Digital adoption continues to be a major driver of efficiency within the group. Equity reported that more than 98% of transactions are now conducted outside physical branches, with nearly 90% processed through digital platforms, highlighting the rapid shift in customer behaviour.

Efficiency gains were also reflected in improved operational ratios, with the cost to income ratio declining to 50.6% from 54.2%, while return on equity stood at 22.6%, signalling strong profitability despite a challenging macroeconomic environment in parts of the region.

Subsidiaries in Tanzania, Rwanda, and the Democratic Republic of Congo delivered particularly strong growth, reinforcing the group’s diversified regional footprint.
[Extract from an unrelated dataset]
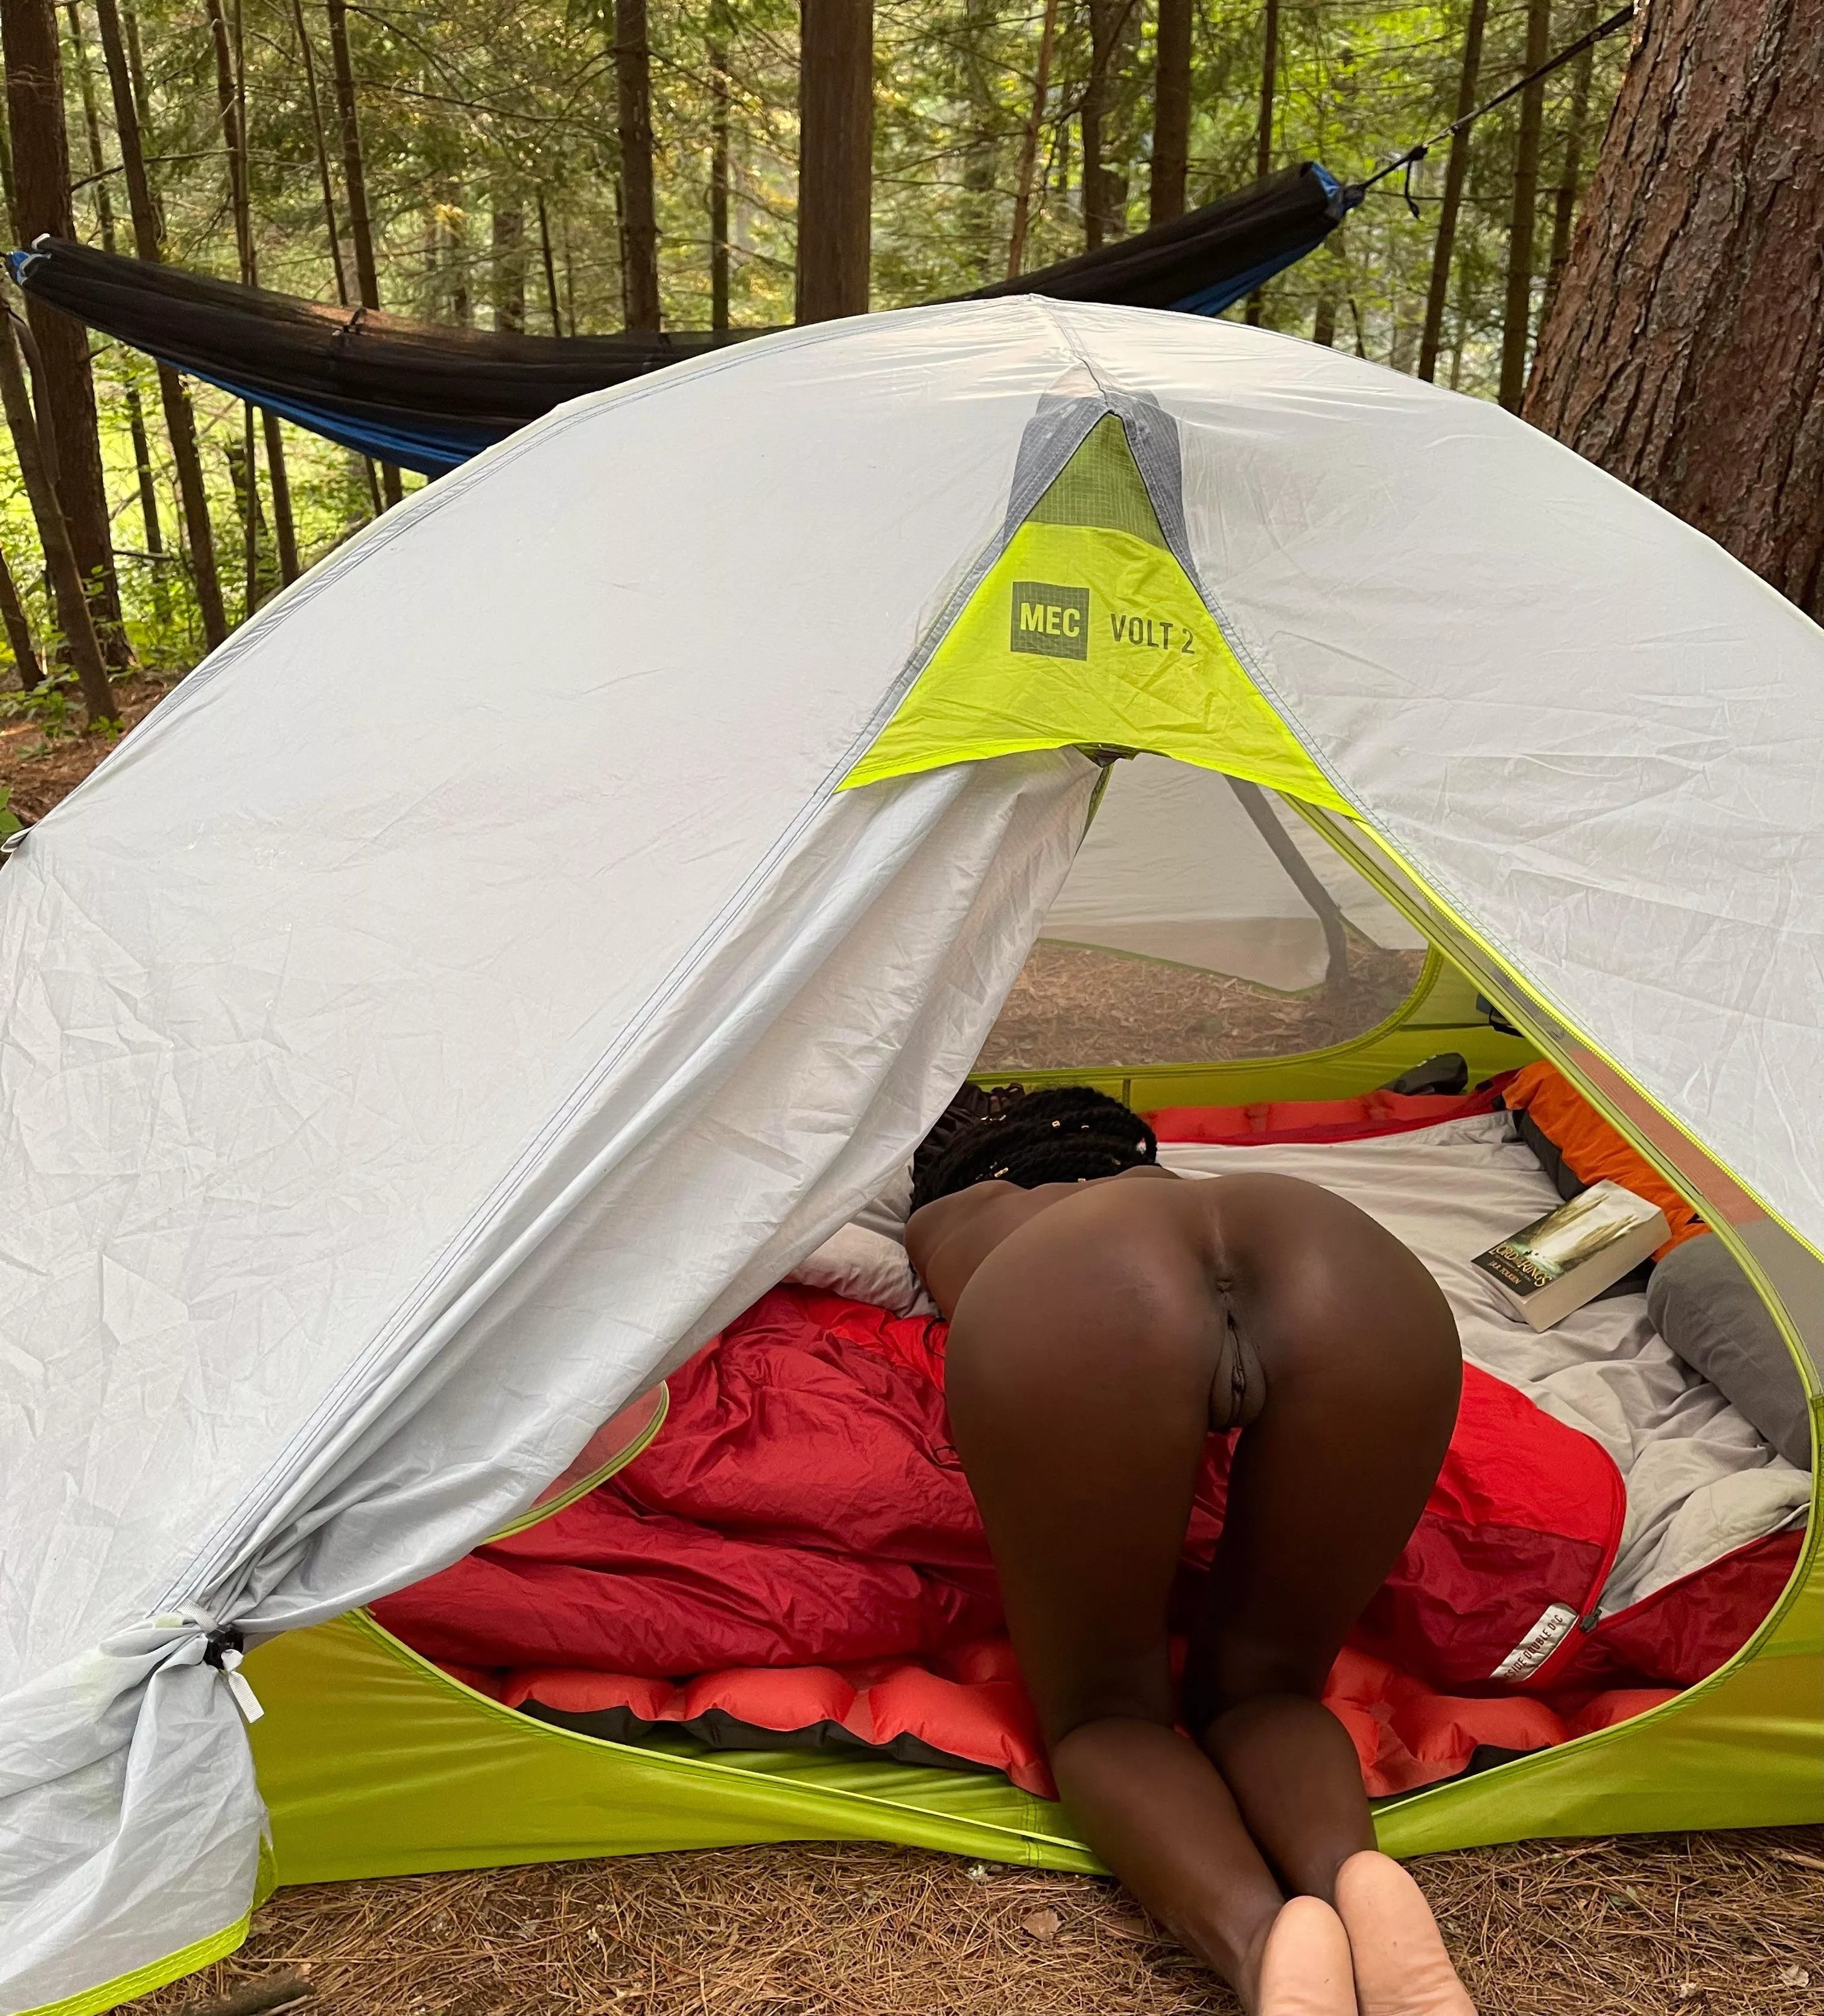 I love being face down and ass up anywhere. Even when I'm camping out in  the woods. I'm always ready to take cock ðŸ˜œ nudes | GLAMOURHOUND.COM
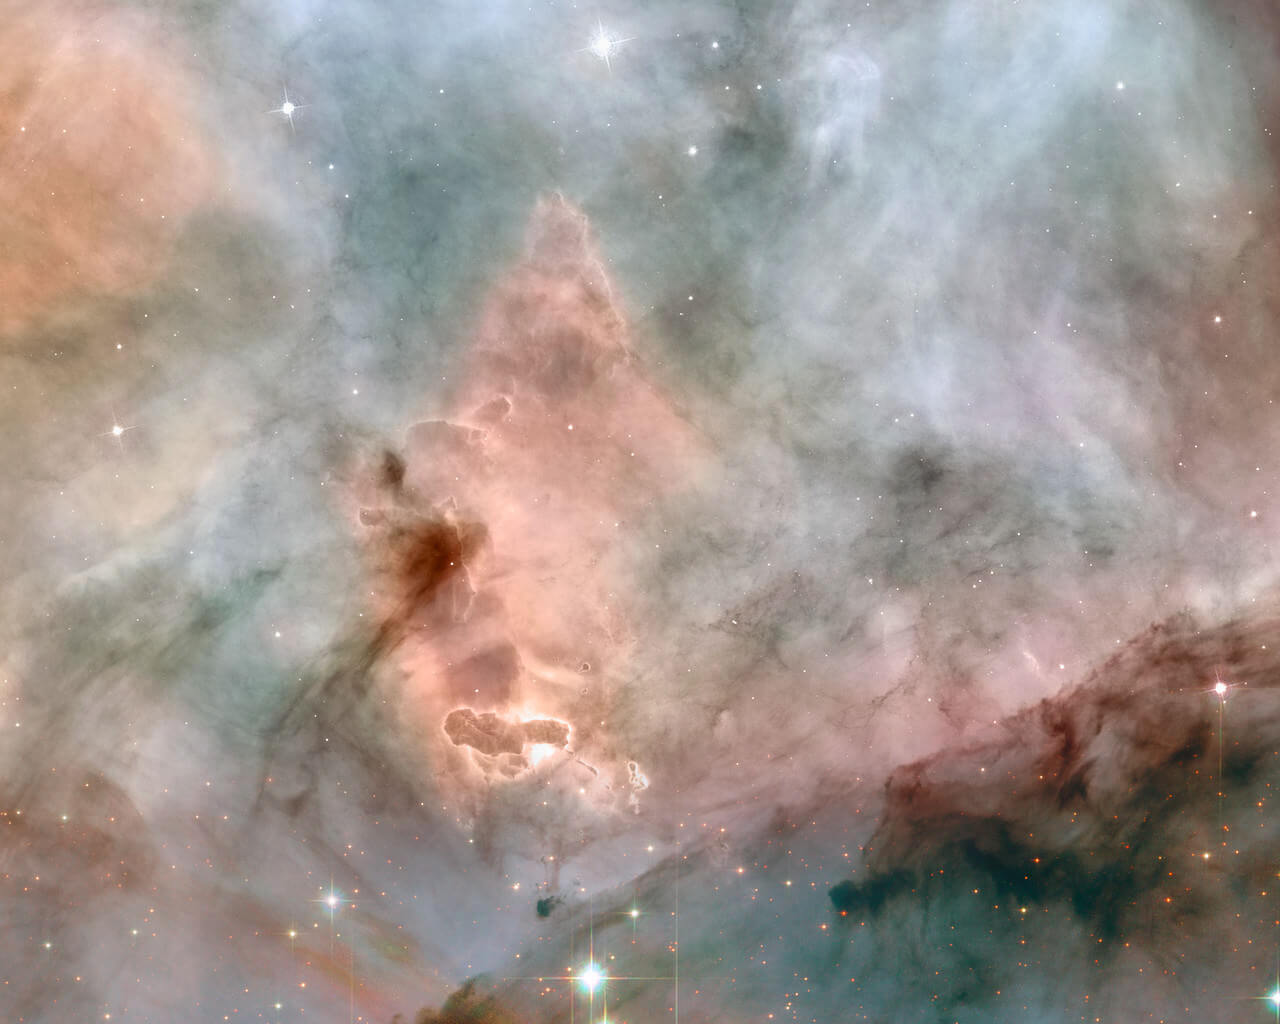 space is so cool - hubble pictures 5 (1)

Tanzania recorded profit growth of 150%, Rwanda 36%, and DRC 32%, further strengthening the group’s earnings base outside its home market.

Analysts say the results underline the increasing importance of regional banking groups in Africa’s financial sector, as institutions expand beyond domestic markets to capture growth opportunities linked to trade integration, digital finance, and rising financial inclusion.

The group also highlighted its continued investment in youth development and leadership programmes, particularly in Uganda, where it continues to support education and entrepreneurship initiatives aimed at building long term human capital.

With improving macroeconomic conditions in key markets and continued expansion of digital banking infrastructure, Equity Group said it remains confident in sustaining its growth trajectory through 2026 and beyond.